‘We’d love to hire you. You are a perfect fit for the role. But the bank has just frozen hiring worldwide and there are thousands of people about to be displaced’.
In a few short sentences, the voice on the other end of the phone informed me that my guaranteed graduate job at one of the world’s largest banks wasn’t going to happen.
I graduated from university in London in 2008 with a first-class honours degree only to enter one of the biggest financial disasters the world had ever seen. Beneath its glass facades, the city of London was silently on fire. In a few months’ time, Lehman Brothers would collapse and I would hear stories of formerly highly-paid employees emptying vending machines to clear the remaining credit off their staff cards. The global financial crisis (GFC) had closed virtually every graduate program in London, making an entire year of graduates practically unemployable.
I was one of the lucky ones. I had several job offers, the best of which offered to pay me 30 percent less than I had been earning year before while working part-time as a student.

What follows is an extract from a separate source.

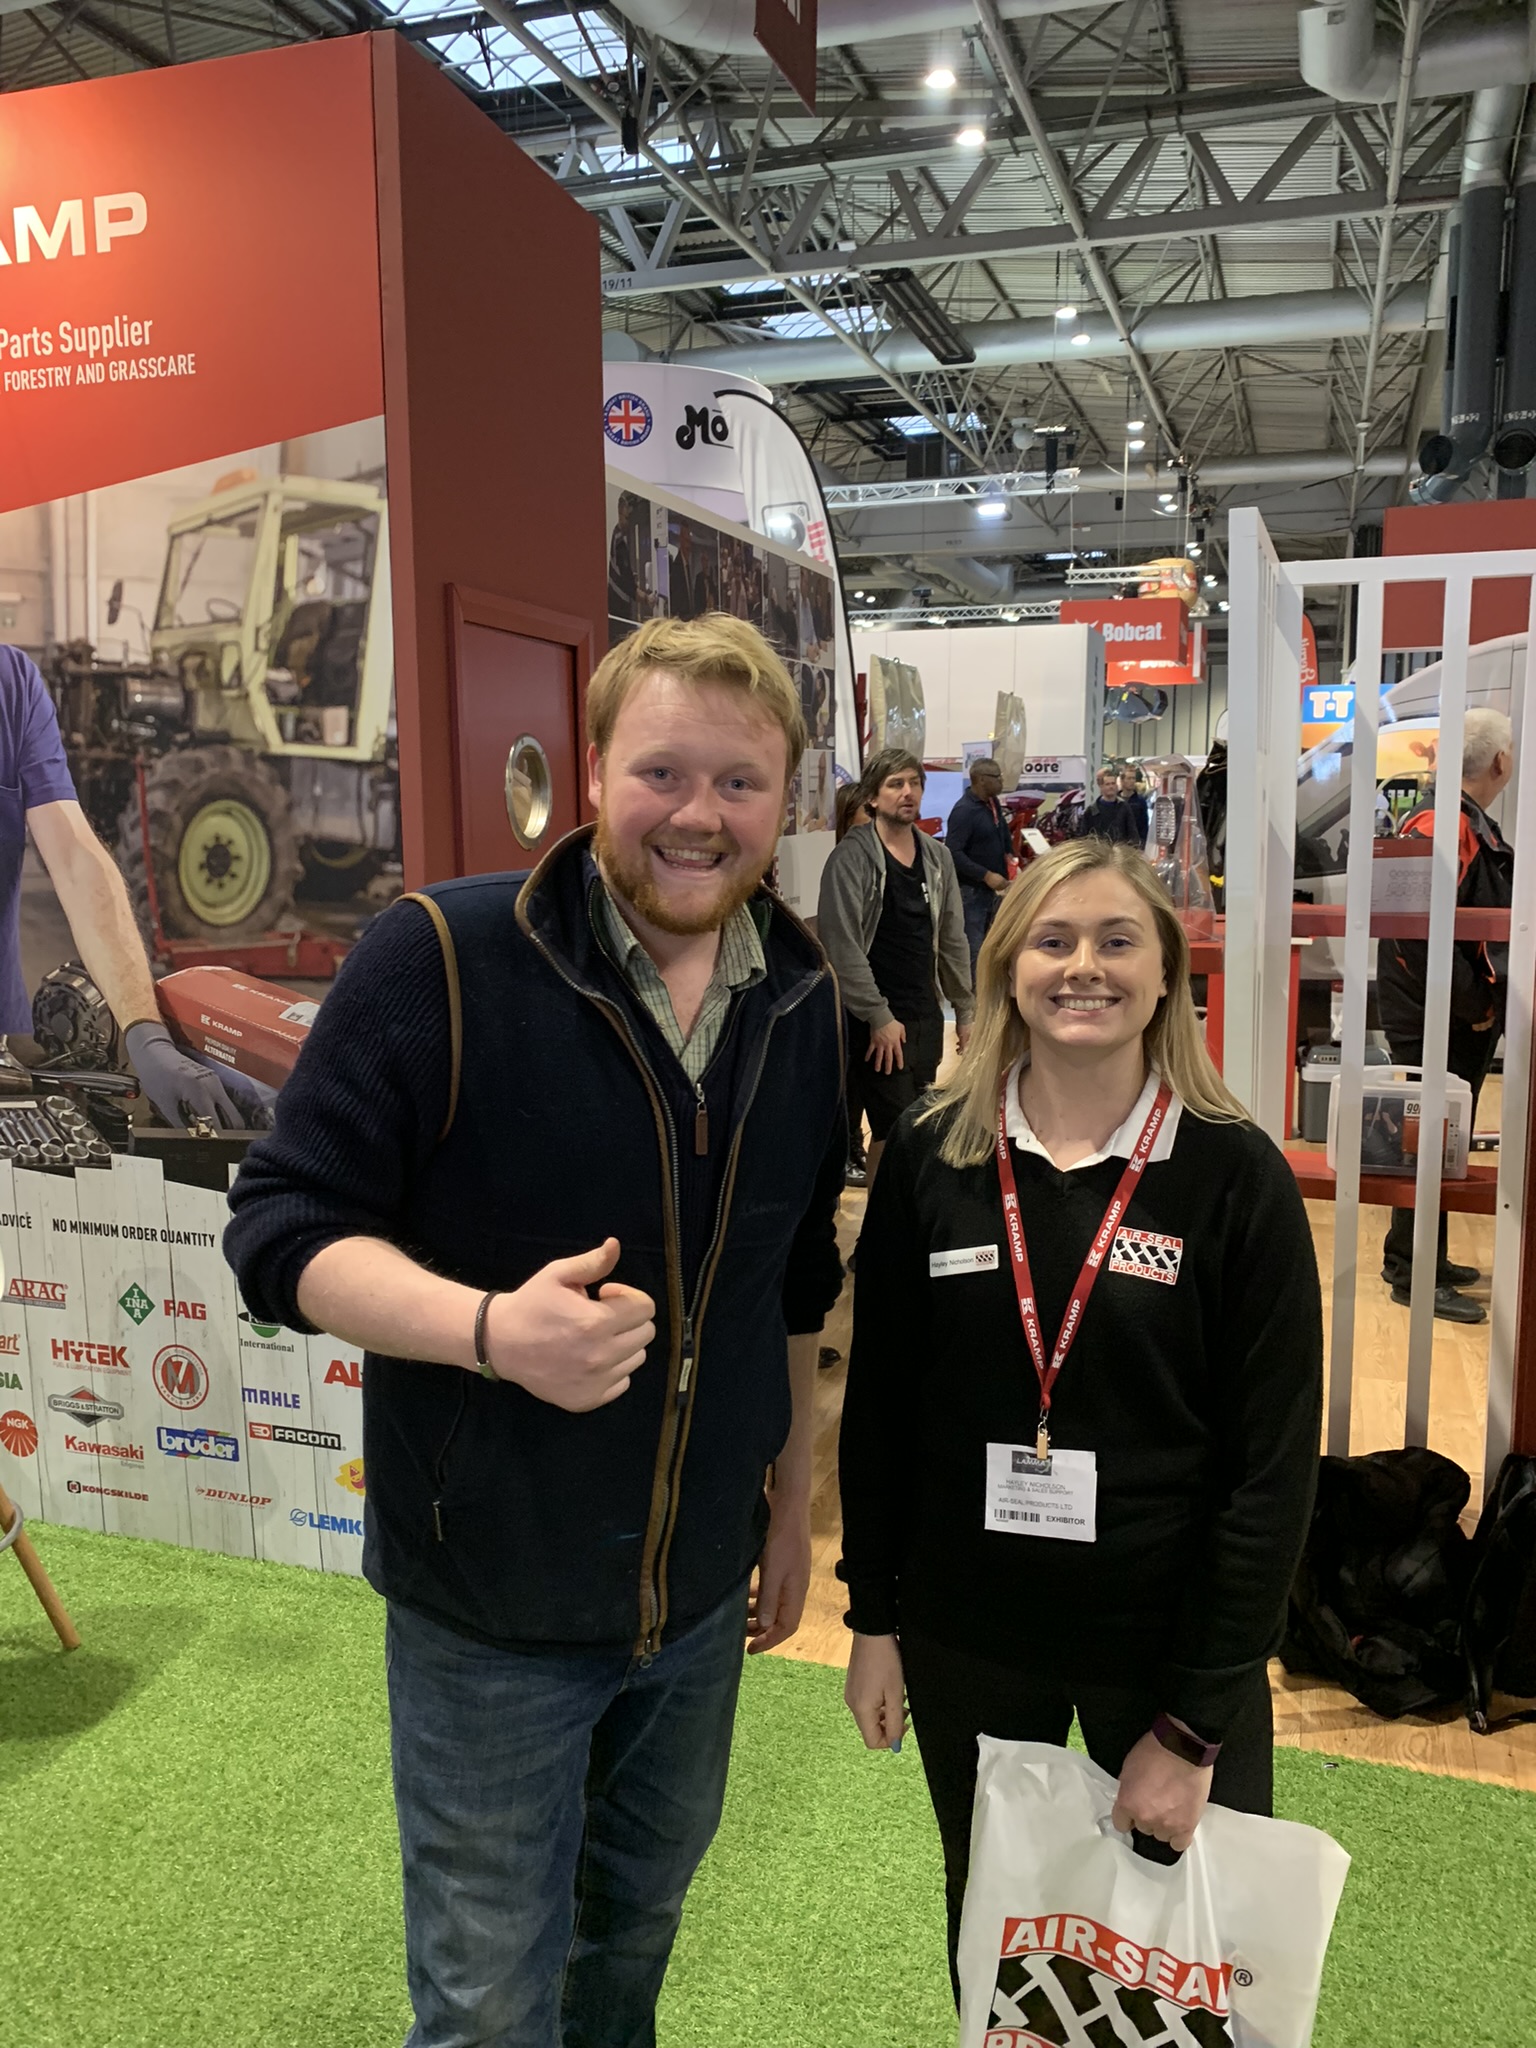 Air Seal Products Marketing Executive Hayley Nicholson Meets Kaleb Cooper from Clarksons Farm at Agricultural Exhibition LAMMA|Air-Seal Products brings in the crowds at LAMMA with their premier tyre sealant demonstration|15mm puncture being sealed by Air-Seal Products premier tyre sealant at LAMMA agricultural exhibition
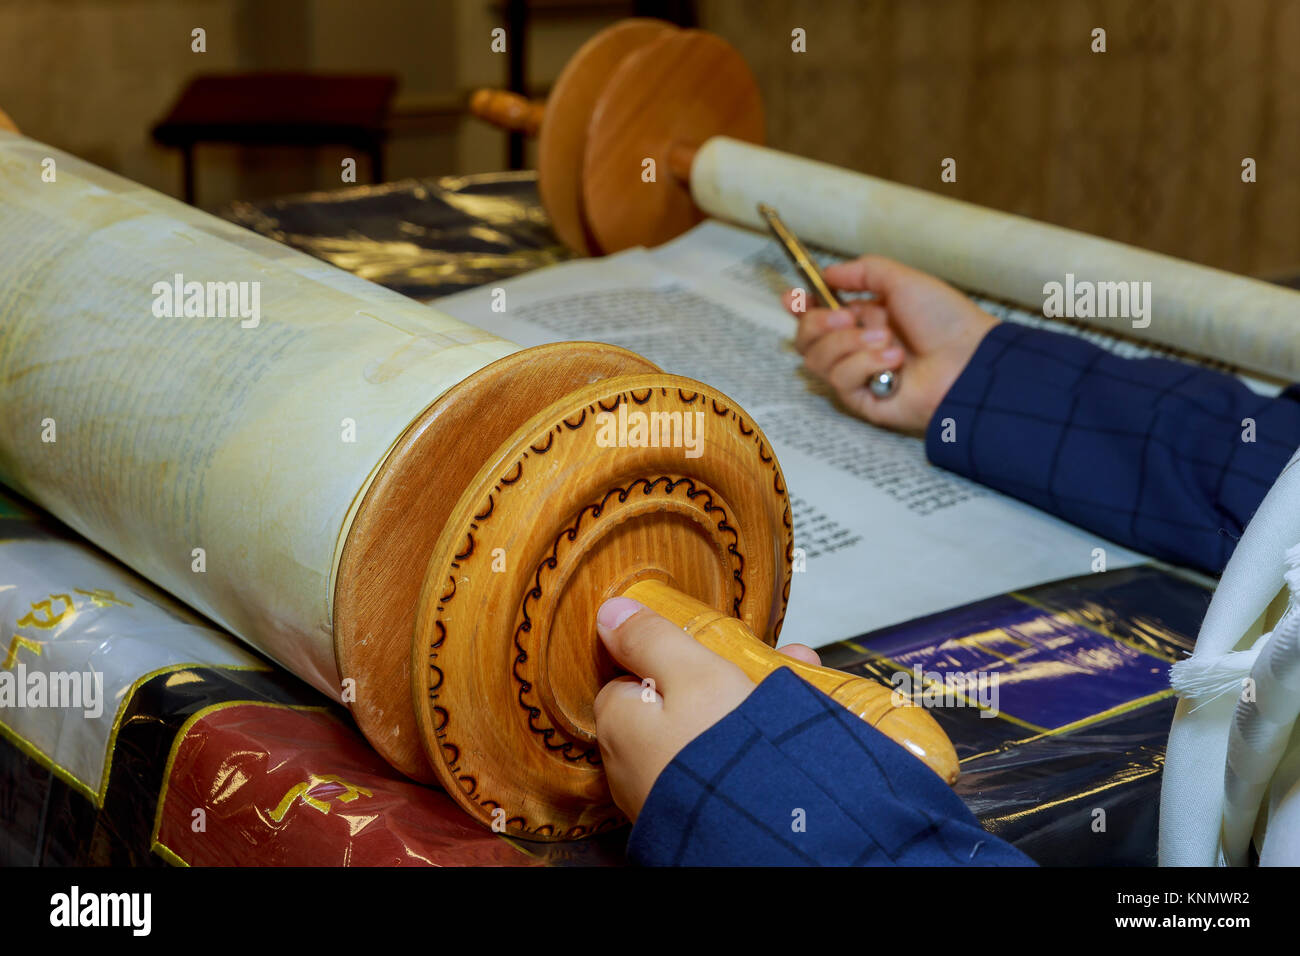 Reading a Torah scroll during a bar mitzvah ceremony with a traditional yad pointing towards the text on the parchment. Stock Photo

I can still remember an interview with L’Oréal where I was verbally offered a position on their public relations team if I would work for them for free for a year. I didn’t accept either.
A newspaper article at the time claimed that people who graduated in a recession would earn an average of 20 percent less over their lifetimes than people who didn’t. There was nothing that could have infuriated me more than the inference that for the rest of my life I would be worth 20 percent less than everybody else.
Once people have established a value for themselves in the workplace, it’s very uncommon for people to accept less than that.
I tell this story because I was not alone. Between 2007 and 2010, approximately 8 million people graduated tertiary education in the US, 1.2 million people in the UK and 18 million people across the rest of the European Union. I have come to call these 28 million people who graduated into the worst job market since the great depression ‘GFC Graduates.’
A lot has been written about millennials but Not a lot has been written about this sub-set of Generation Y, but their struggle for employment immediately after a coddled university experience produced a ‘sink or swim’ micro-generation. They are a group of people with a distrust of big business and big institutions and who have had to fight tooth and nail for everything they have. They are a group of people who were acutely mis-sold the university dream.
To be clear, graduates weren’t the only people affected personally by the GFC. In the U.K. total unemployment hit 8.5 percent during the GFC, with youth unemployment hitting 18 percent. Meanwhile, unemployment in the U.S. hit a staggering 10 percent of the working population. This environment has created another very interesting group of people: seasoned professionals with experience and value who were told in no uncertain terms that they were surplus to requirements.
Those that remained, or perhaps I should say survived, in corporate employment through the GFC underwent an equally brutal experience. It was a time to shut up, do what you were told and keep your numbers up.
Some of the bankers I knew at the time would lament their restricted options of employment as, ‘Shanghai, Mumbai, Dubai or Good-Bye.’
As was the case with me, it is very unpalatable for people to accept a step backwards. The GFC Graduates and the displaced professionals became creative in a bid to maintain their market value. During the financial crisis, traditional employment became riskier than it had ever been and the idea of becoming a freelancer or an entrepreneur and controlling their own destiny less so. Driven by loss of trust in large faceless entities, these people could see their naivety and how they had falsely assumed they were in stable employment. The idea of being employed by themselves and in control of their own risks seemed far less scary than it had ever been in the past.
Many of these graduates and professionals switched into fight or flight mode. After the industries that seemed invincible faltered, guaranteed jobs vanished and good people were told they were no longer valuable in the workplace. The workforce decided to take its destiny into its own hands. In my eyes, the GFC was a catalyst for the current explosion in entrepreneurship.
As I write this blog post, we are thirteen years on from the global financial crisis and in an entirely new and unprecedented period of global disruption due to the Coronavirus pandemic. Those GFC Graduates are now in their mid-thirties. They are in positions of power and authority in their own businesses, within large organisations and in some cases even high ranking positions in Government.
With that responsibility, our Gen Y, GFC Graduates are now making decisions about where and how they locate their teams in a manner that represents their values moulded by their experiences during the GFC. They look for authenticity and a connection they understand that engagement and treating people like people not a commodity is worth its weight in gold.